On the 11th, Beijing released its first ever white paper on Asia–Pacific security cooperation—a document of historic significance in Chinese foreign policy. The paper’s intention, according to vice foreign minister Liu during a press briefing on the same day, is to help countries fully understand China’s policies for the region and appreciate its desire to pursue security cooperation. In particular, Liu highlighted China’s attempt to achieve ‘positive interactions’ with regional countries. Beijing respects the traditional influence and the current interests of the United States in the Asia–Pacific, he avowed, and confirmed that China has no intention of replacing Washington as the dominant power in Asia.

On the 14th, State Councillor Yang Jiechi, China’s top foreign policy official, published a signed article on Chinese foreign policy under the guidance of President Xi Jinping’s thinking. Significantly, the article represents the first authoritative articulation of Xi’s ‘foreign policy thought,’ suggesting that Beijing is systematising and integrating previously discrete elements of Chinese foreign policy since Xi came to power in 2012 into a more coherent whole.

Indeed, parts of the article read like a blueprint for China’s grand strategy in the Xi era. It describes China’s strategic goals of safeguarding its sovereignty, security and development interests, creating a more favourable international environment for peaceful development, and maintaining and extending China’s period of development.

While the article highlights peace, development, cooperation and “win-win” as the central themes of Chinese foreign policy, it also states that China isn’t afraid of protecting ‘bottom lines’ in matters concerning China’s core interests, such as Taiwan.

Not coincidentally, China’s Asia–Pacific white paper, while championing the cause of peace and cooperation, also warns that China will react to countries’ challenges to its sovereignty and maritime interests, such as those in the South China Sea.

Releasing such high-profile Chinese foreign policy statements over a number of days is unusual in recent times.
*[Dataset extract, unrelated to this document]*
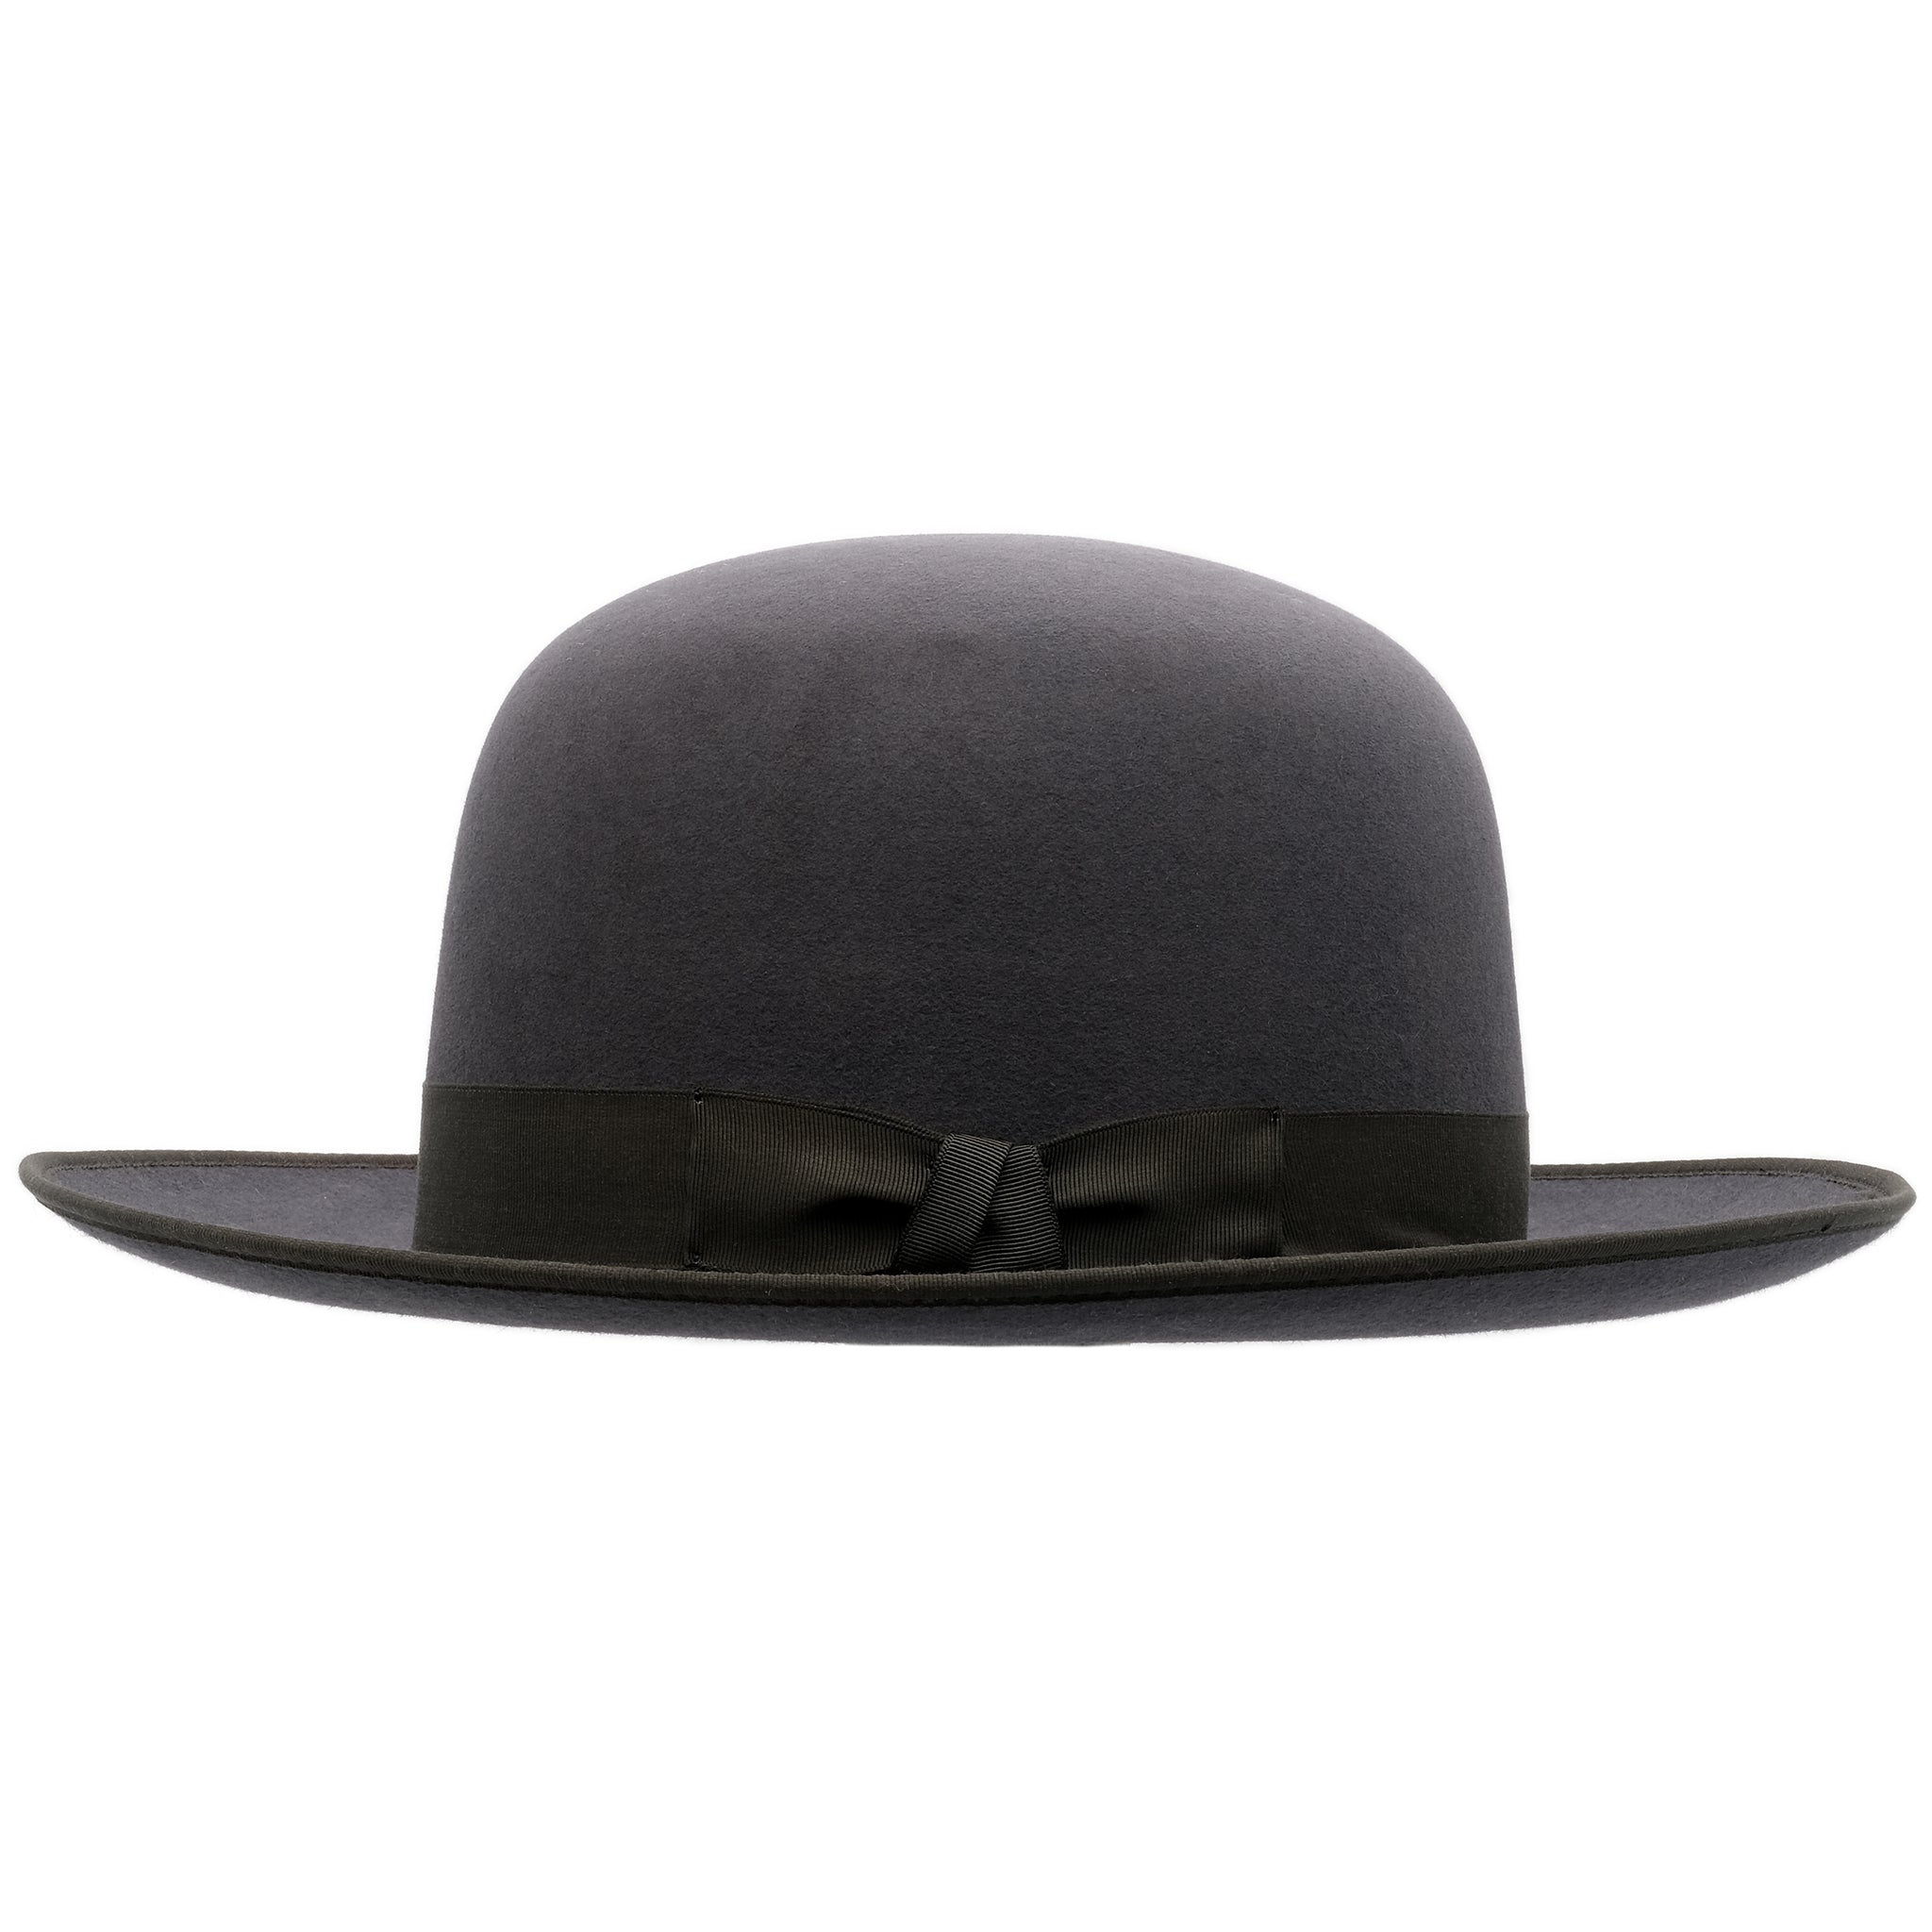 Side view of Akubra Squatter hat in Carbon grey colour, shown with open crown

Beijing may have realised that regional security politics over the past several years have too often focused on maritime disputes and tensions, to the detriment of China’s image and the momentum of regional cooperation. 2016 appeared to be a turning point because China managed to dial down tensions in the South China Sea while improving relations with key ASEAN countries including the Philippines, Malaysia and Vietnam. 2017 is therefore logically seen as a year of consolidation for the gains made in 2016. In fact, China’s regional environment appears better now than any time since 2009.

But Chinese officials also recognise that 2017 is going to be a tough year of great uncertainty and volatility. With the Philippines as the 2017 ASEAN chair, no ASEAN country is likely to stoke up tensions in the South China Sea. But the Trump administration has already given many signs of a hard-line approach to China, in issues ranging from trade to Taiwan to the South China Sea. That’s the wild card in China’s planned strategy for the Asia–Pacific this year.

The warning that China won’t shy away from forcefully protecting its core interests is nothing less than a pointed message to Trump. At the same time, Beijing wants to project the image that China, not the United States, is now a more reliable source of stability and prosperity in the region. It hopes that regional countries will receive that message too.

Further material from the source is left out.